A combo is a ready-made grouping of activities you can drop into a new section as a starting point, then tweak however you like. Combos live on the Combos tab of the Add new section window.
How combos work
Each combo tile shows its name, a one-line description, the number of activities it includes, and a preview of those activities. Pick one and it adds those activities to your section and pre-fills a suggested section name.
Combos only seed the section — they're starting points, not locked templates. Once you've picked one, you can add, remove, and reorder the activities, and rename the suggested section name, just as you would with any section.
The thinking behind combos
Most combos follow the same underlying rhythm: open with something that presents an idea or builds connection, give people an activity to engage with, then bring the group together to discuss it — for example, Video → Drawing → Discussion. Combos bake that structure in, so you start from a proven shape rather than a blank section.

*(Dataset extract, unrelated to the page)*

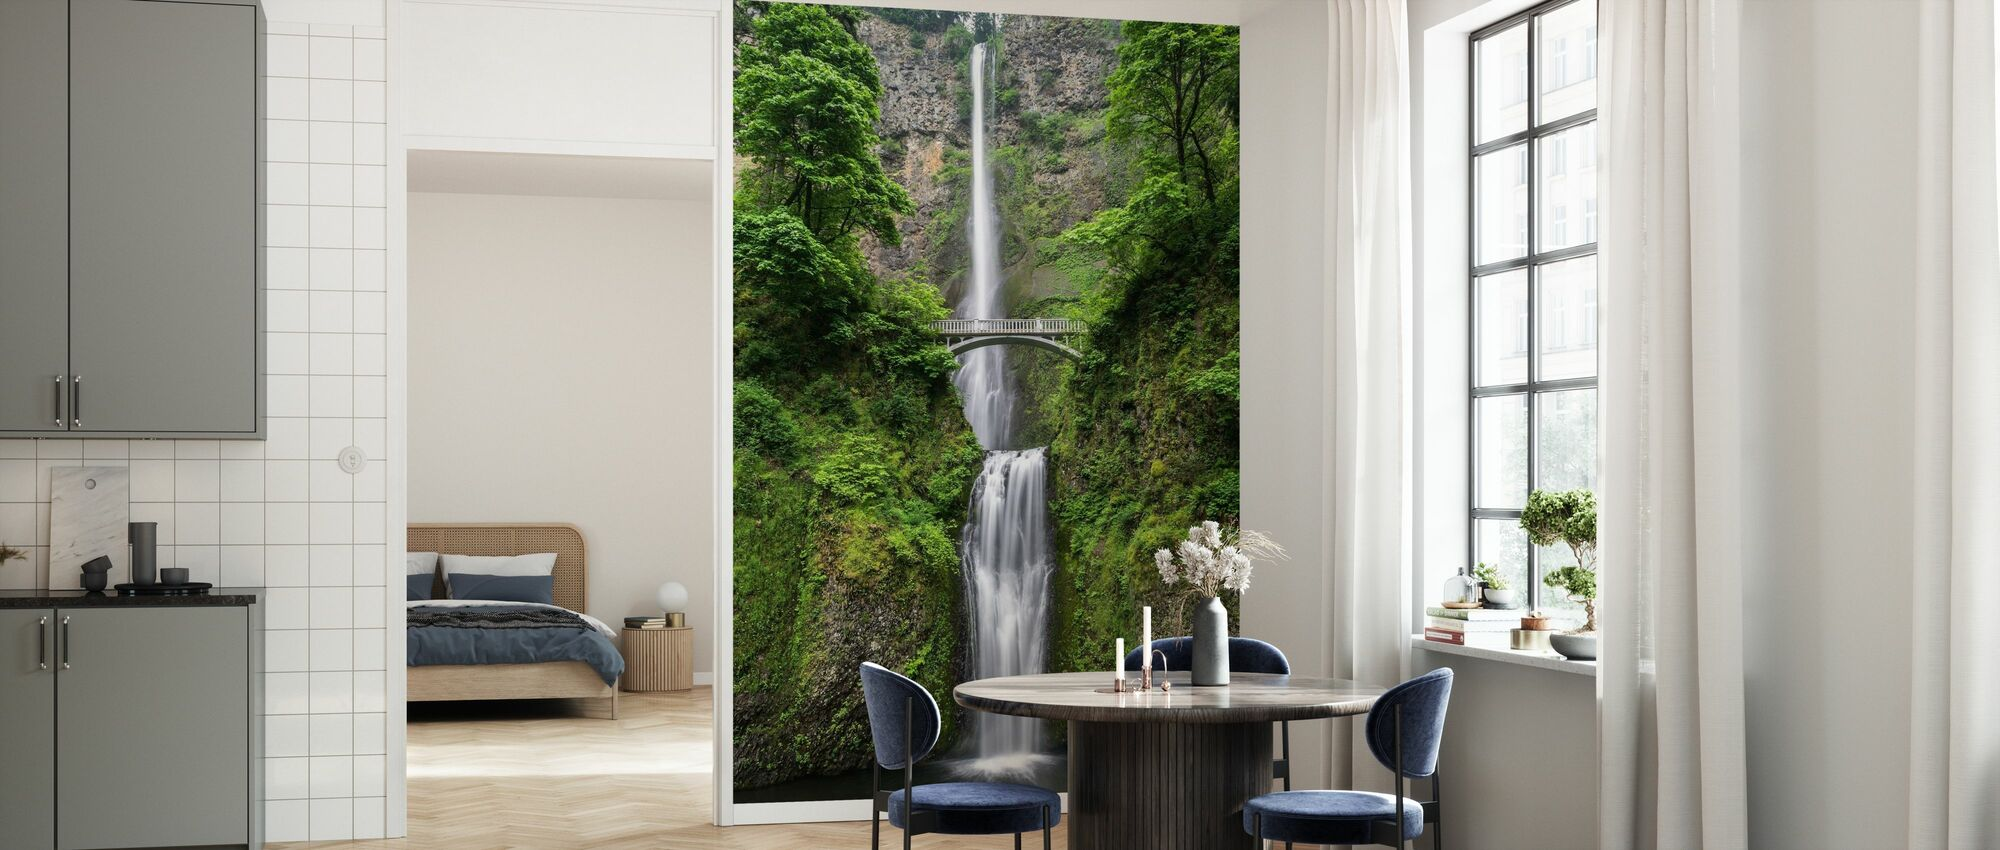 Waterwall and Bridge - Wallpaper - Kitchen

The combos available today
Thirteen combos ship today, roughly ordered to follow the arc of a session — open and connect, surface where the group is, introduce new material, generate and prioritise ideas, apply and practise, test understanding, then commit and close. You can build a whole experience by chaining them.
Combo | What it's for | Activities |
Connect via Drawing | Welcome the group and build positive connections through a shared drawing activity. | Video → Drawing → Discussion |
Connect via Check-in | Welcome the group, gauge immediate sentiment, and build initial connections using post-it notes. | Video → Post-it → Discussion |
Capture a Baseline | Gather baseline data or sentiment from the group before diving in. | Slideshow → Survey → Discussion |
Surface Prior Knowledge | Prime the cohort by surfacing existing knowledge, experiences, or preconceptions into a collective word cloud. | Audio → Word Cloud → Discussion |
Introduce & Explore | Introduce a new concept or framework via slides and capture initial reflections from the group. | Slideshow → Post-it → Discussion |
Ideate & Synthesize | Brainstorm and capture ideas using post-its, then vote as a group to prioritize and synthesize them. | Post-it → Vote → Discussion |
Map Opinion Distribution | Show the spread of opinions or alignments across a scale to anchor a deeper group conversation. | Slideshow → Scales → Discussion |
Share Best Practices | Provide a curated list of ideas or strategies for individuals to select, prioritize, and discuss. | Select → Discussion |
Practice & Apply Scenario | Share a real-world scenario on a slide, reflect and share individually on post-its before aligning on the best way forward. | Slideshow → Post-it → Discussion |
Execute Live Task | Prompt participants to individually complete a task outside of Makeshapes before sharing reflections and debriefing as a group. | Slideshow → Task → Discussion |
Test via Scenario | Introduce a situational video scenario and have participants use a quiz to choose the most effective path forward, then debrief as a group. | Video → Quiz → Discussion |
Test Knowledge Retention | Conclude the topic with a quick quiz to reinforce key concepts and highlight remaining knowledge gaps. | Slideshow → Quiz → Discussion |
Commit to Action | Individually reflect on key ideas, log a personal commitment note, and share intentions with the group. | Slideshow → Note → Discussion |
Every combo ends in a discussion, and most open with a media step — that's the present, interact, then discuss rhythm built in. Treat them as a head start: pick the closest shape, then make it your own.